- **Exercise**: Exactly as they stand, copy the lines from the one containing "Rocking Chair Cushions For" to the final line of the data; leave out the pictures.

- **Collected material**:

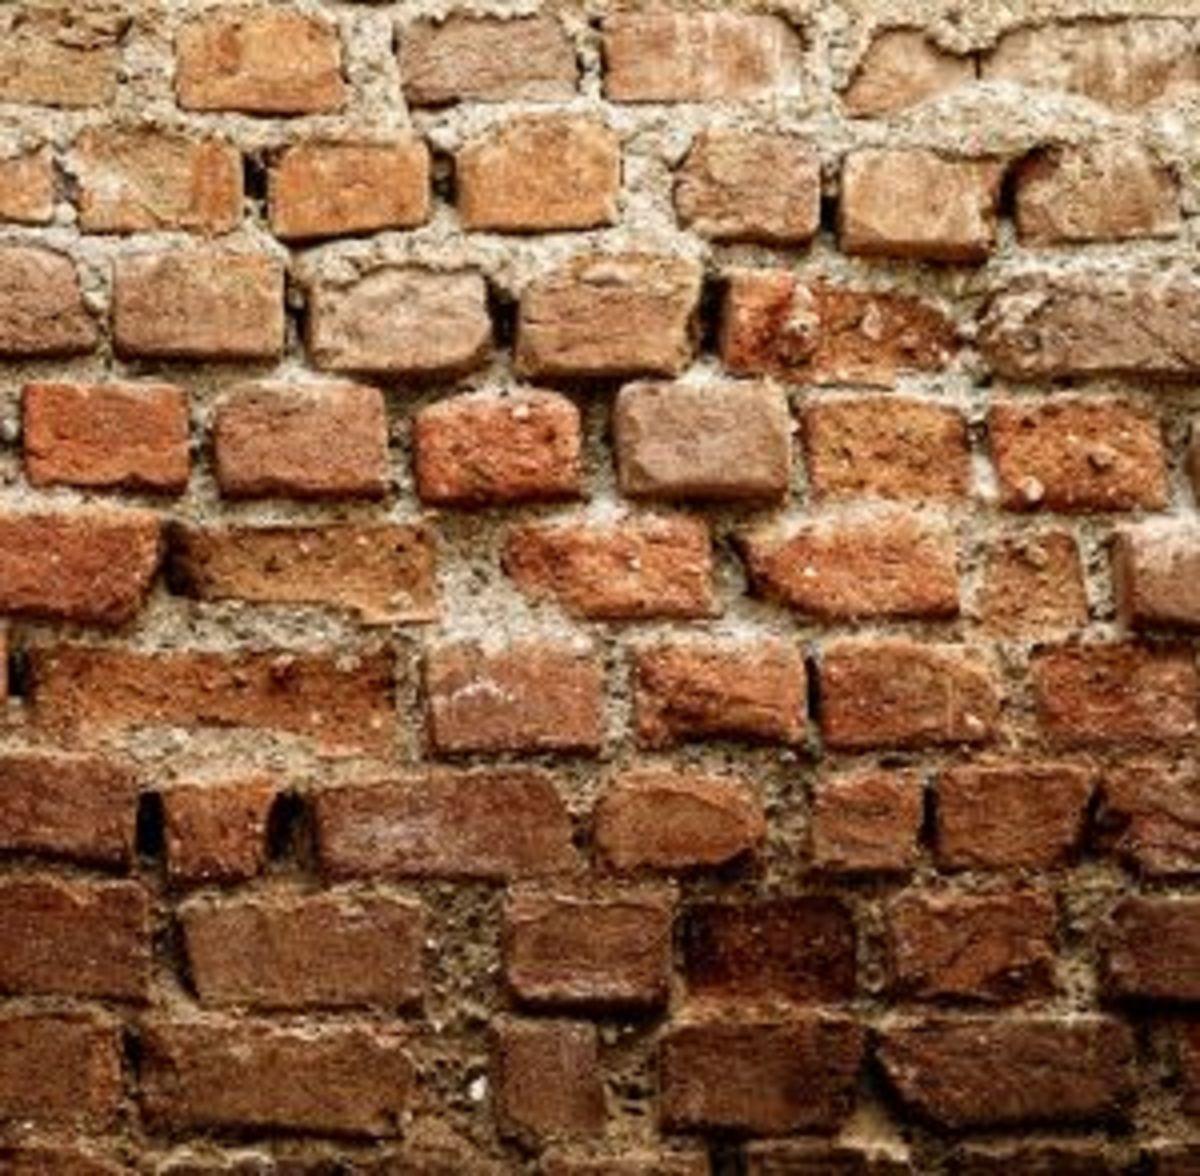 bricks-and-tiles
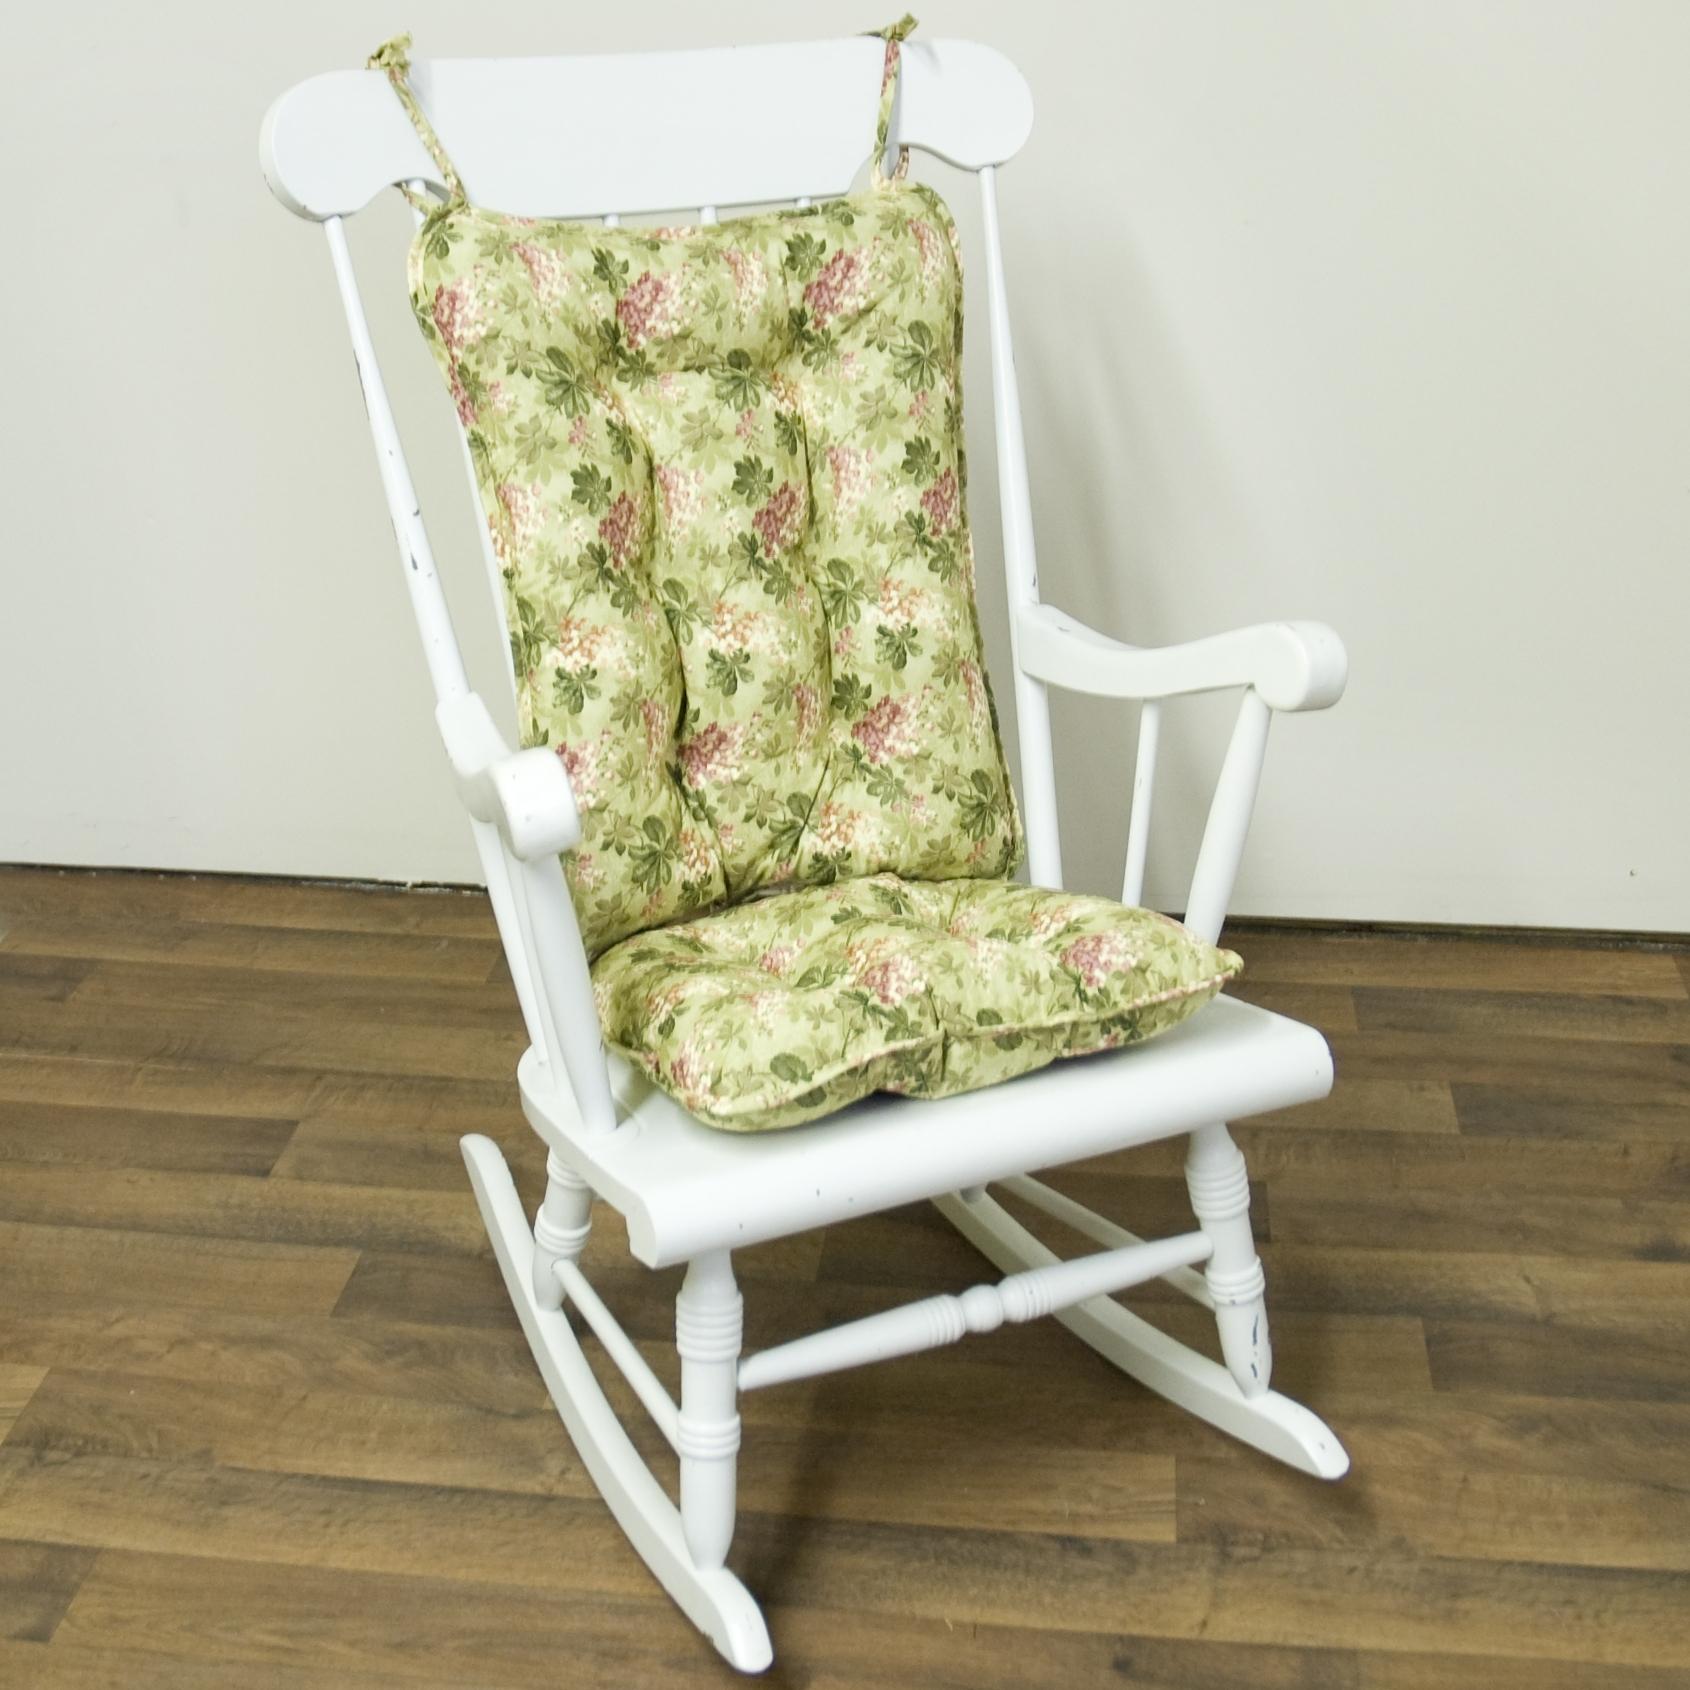 Rocking Chair Cushions For Outdoor Regarding Best And Newest Outdoor Rocking Chair Cushions Flower : Beautiful Outdoor Rocking (View 10 of 15)
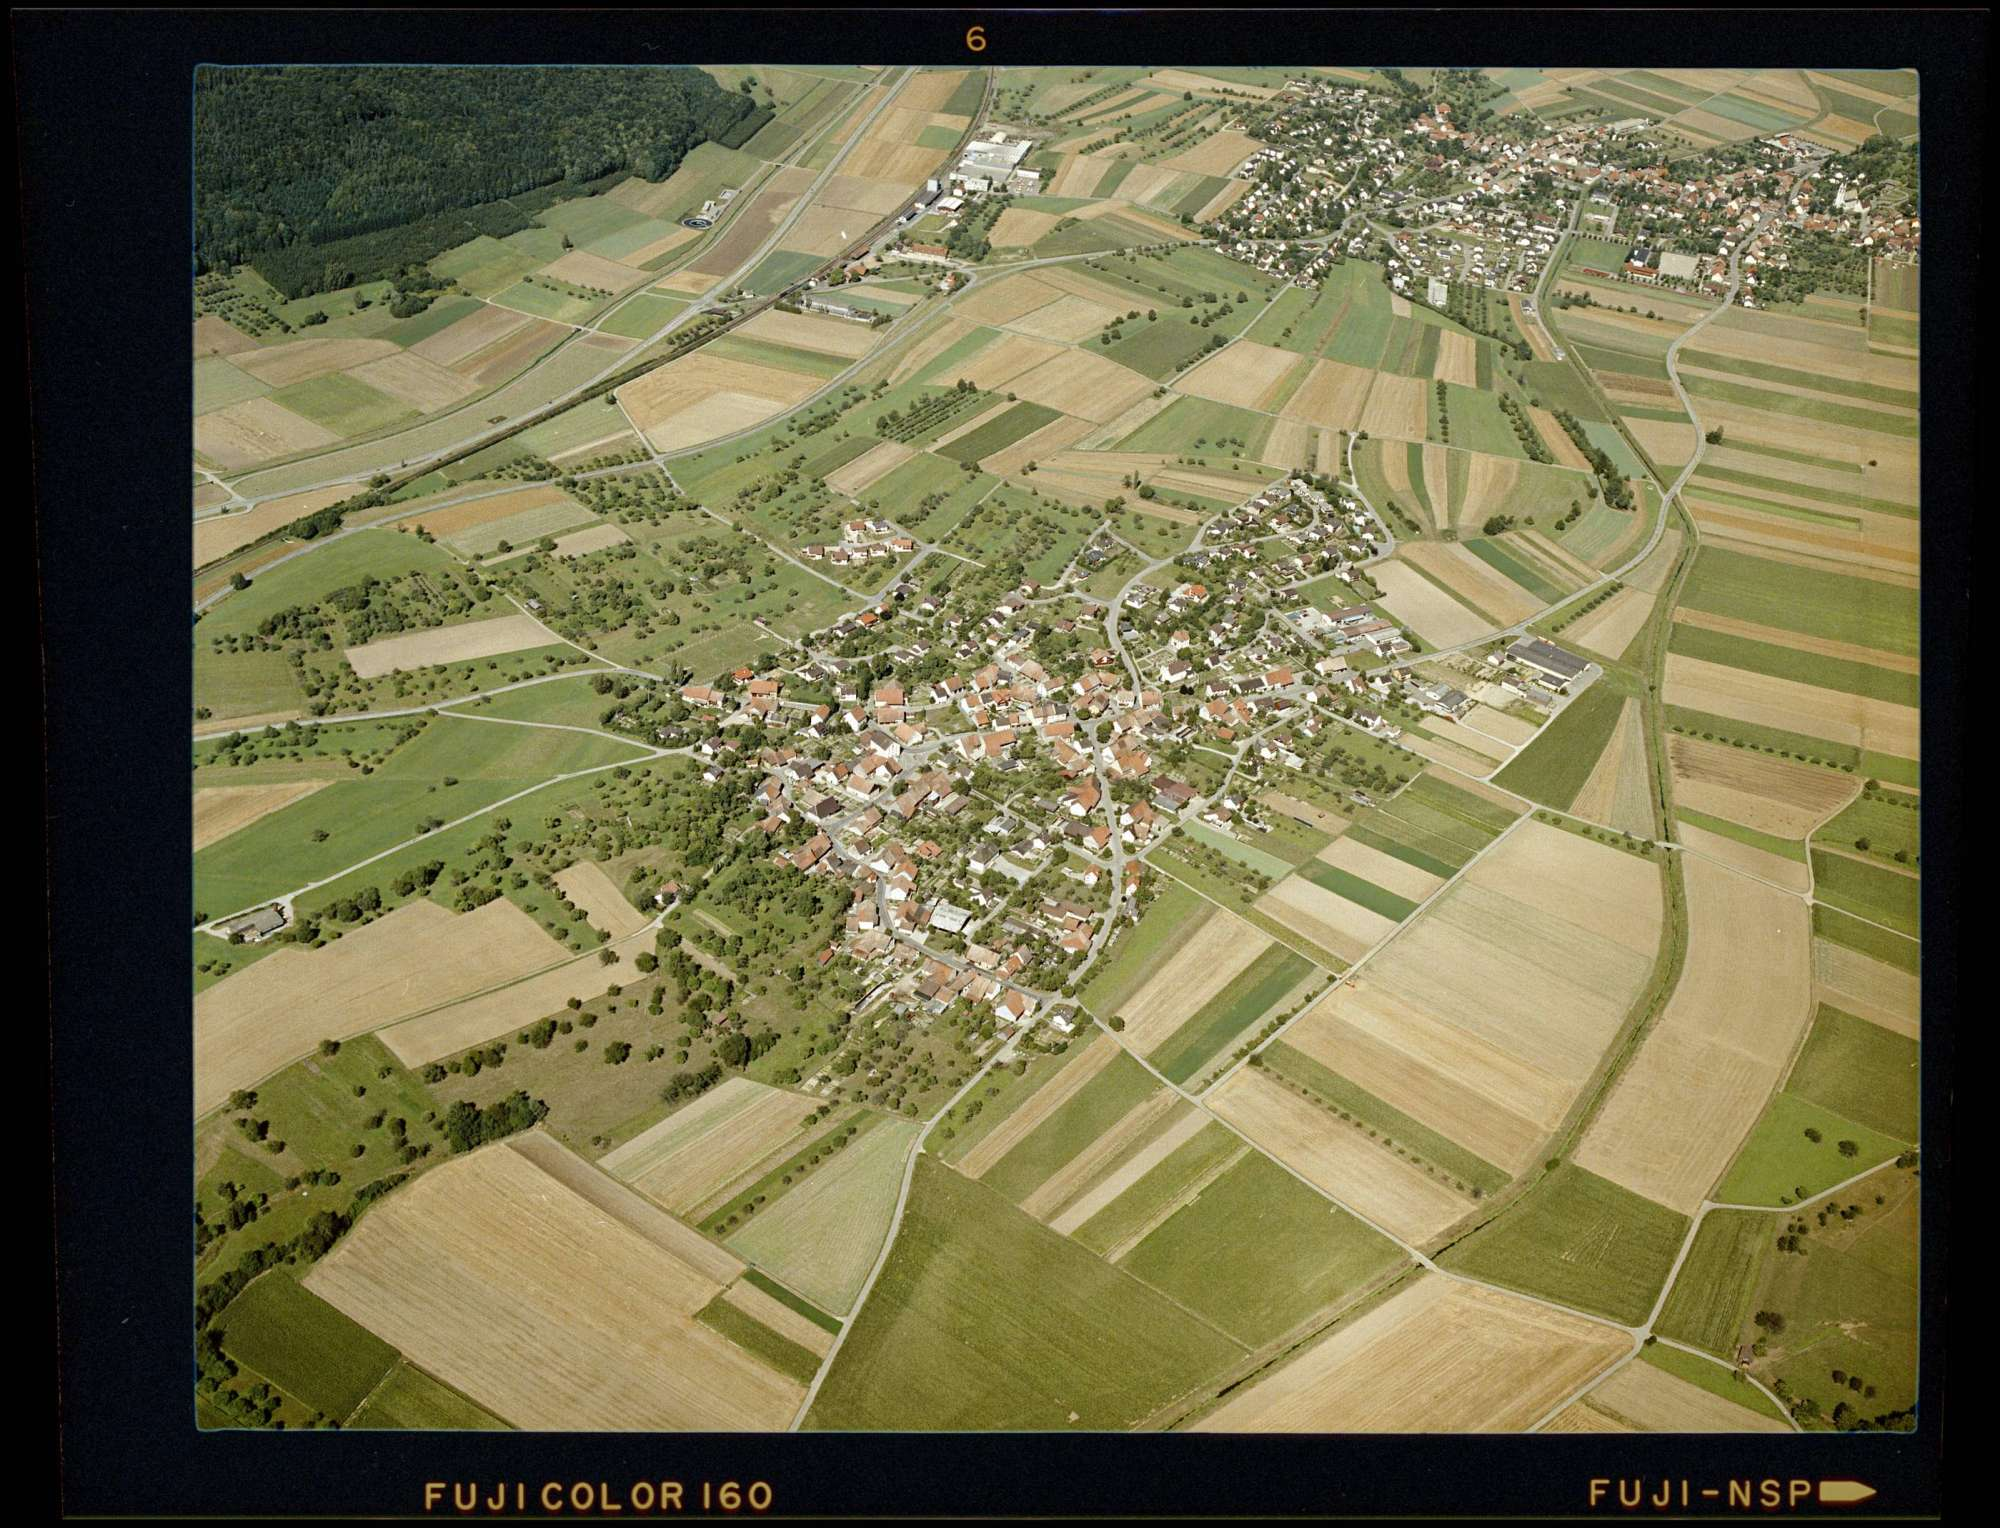 Geißlingen, Luftbild, Bild 1

- **Reply**:
 Rocking Chair Cushions For Outdoor Regarding Best And Newest Outdoor Rocking Chair Cushions Flower : Beautiful Outdoor Rocking (View 10 of 15)
 Geißlingen, Luftbild, Bild 1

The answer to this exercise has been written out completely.